March 21, 2019: David Russell Levick, of Cherrybrook NSW, Australia, was sentenced in Washington, DC Federal District Court to 24 months in prison and a forfeiture of $199,227 based on his plea of guilty of 4 violations of the IEEPA involving procuring or attempting to procure precision pressure transducers, emergency flotation system kits, and shock mounted light assemblies for transshipment, to Iran, without the required licenses from the Treasury Department. Levick, as general manager of a company in Thornleigh, Australia, sold these items to a customer in Iran that also controlled intermediaries in Malaysia. He allegedly concealed the ultimate end use and end users of these items from U.S. and other suppliers and structured payments to avoid trade restrictions on Iranian financial institutions. The forfeiture amount represented the total value of the goods involved in the illegal transactions. Levick was indicted in February 2012 (see February 2012 Regulatory Update) and was extradited from Australia to the U.S. in December 2018.

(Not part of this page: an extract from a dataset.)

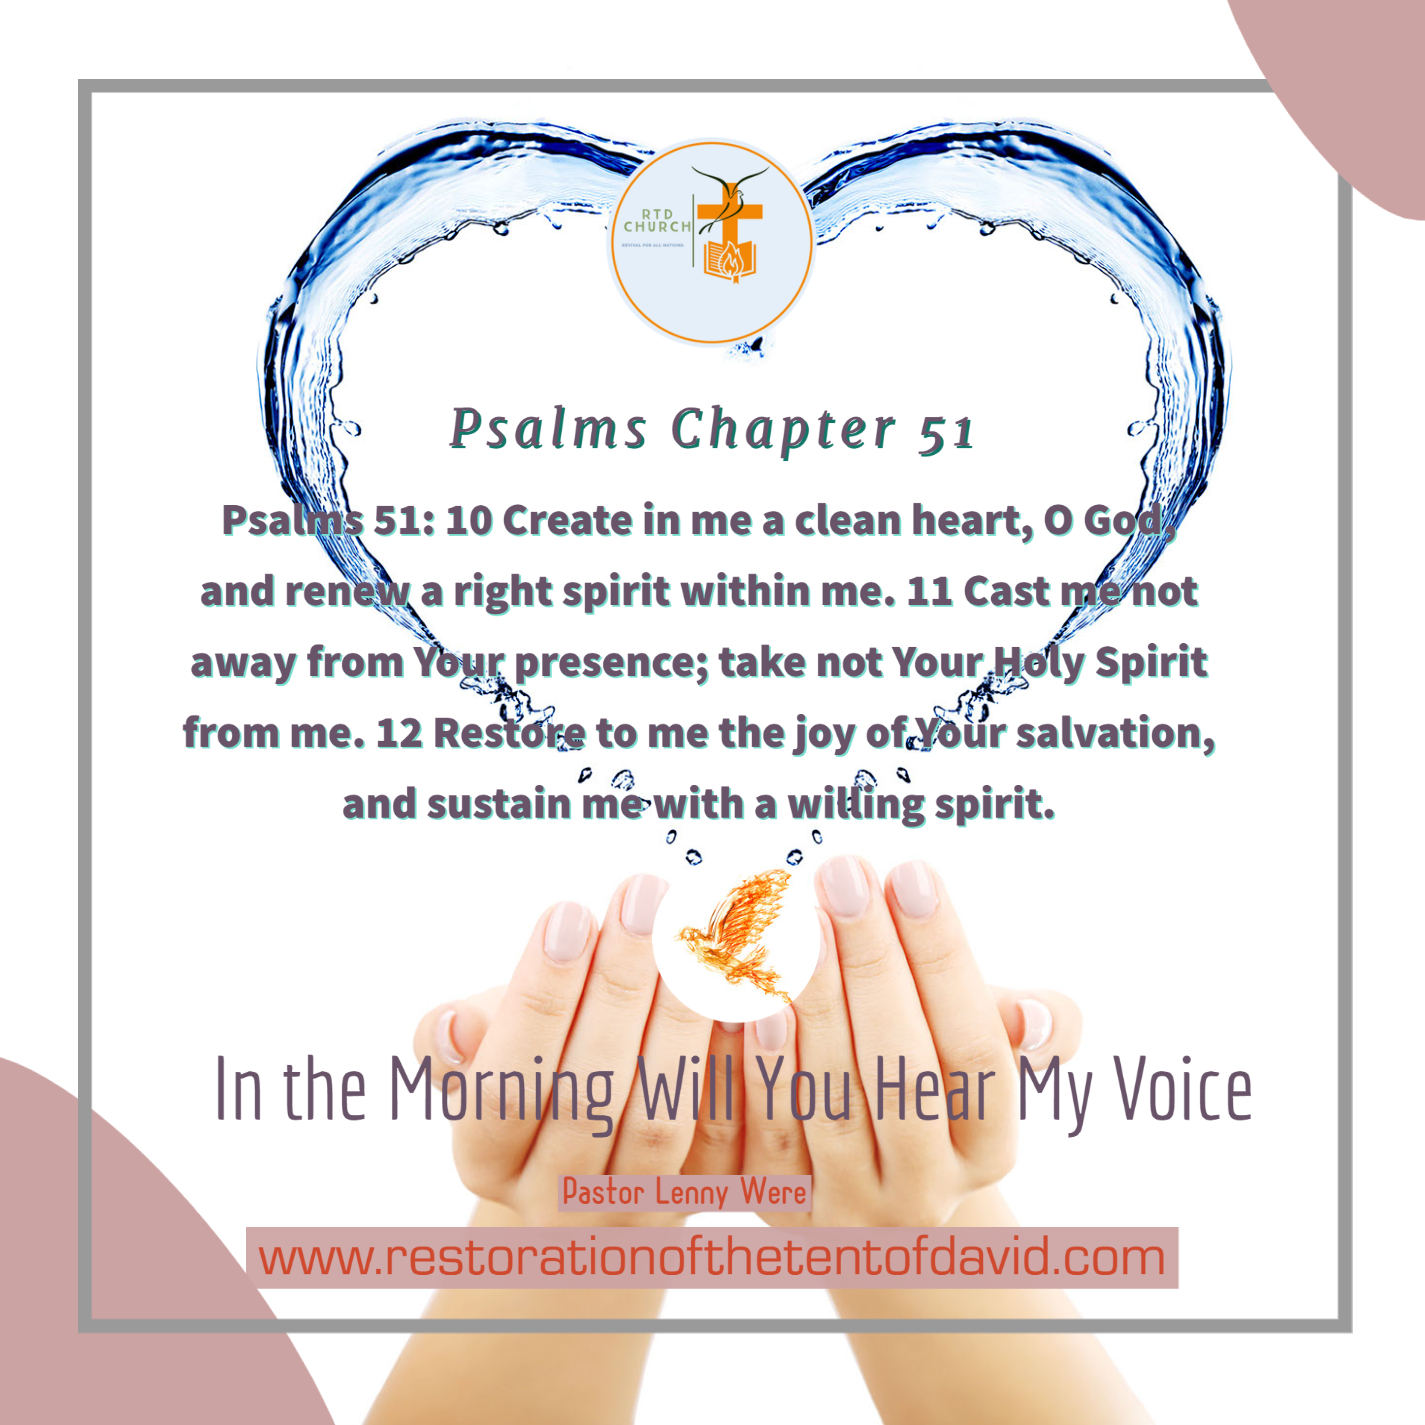 In the Morning will you hear my Voice, Psalms Chapter 51

March 27, 2019: OFAC announced that Stanley Black & Decker, Inc. (“SB&D”) of New Britain, CT, on behalf of itself and its Chinese subsidiary, Jiangsu Guoqiang Tools Co., Ltd. (“GQ”), had agreed to pay a civil fine of $1,869,144 to settle charges, by OFAC, of 23 apparent violations of Sec. 560.215 of the Iranian Transactions and Sanctions Regulations (ITSR, 31 CFR Part 560). These transactions involved 23 shipments, by GQ, of power tools and spare parts with a total value of $3,201,648, directly to Iran, or to a third country with knowledge that the goods were specifically intended for end use in Iran. SB&D voluntarily self-disclosed the apparent violations, which occurred in 2013 and 2014.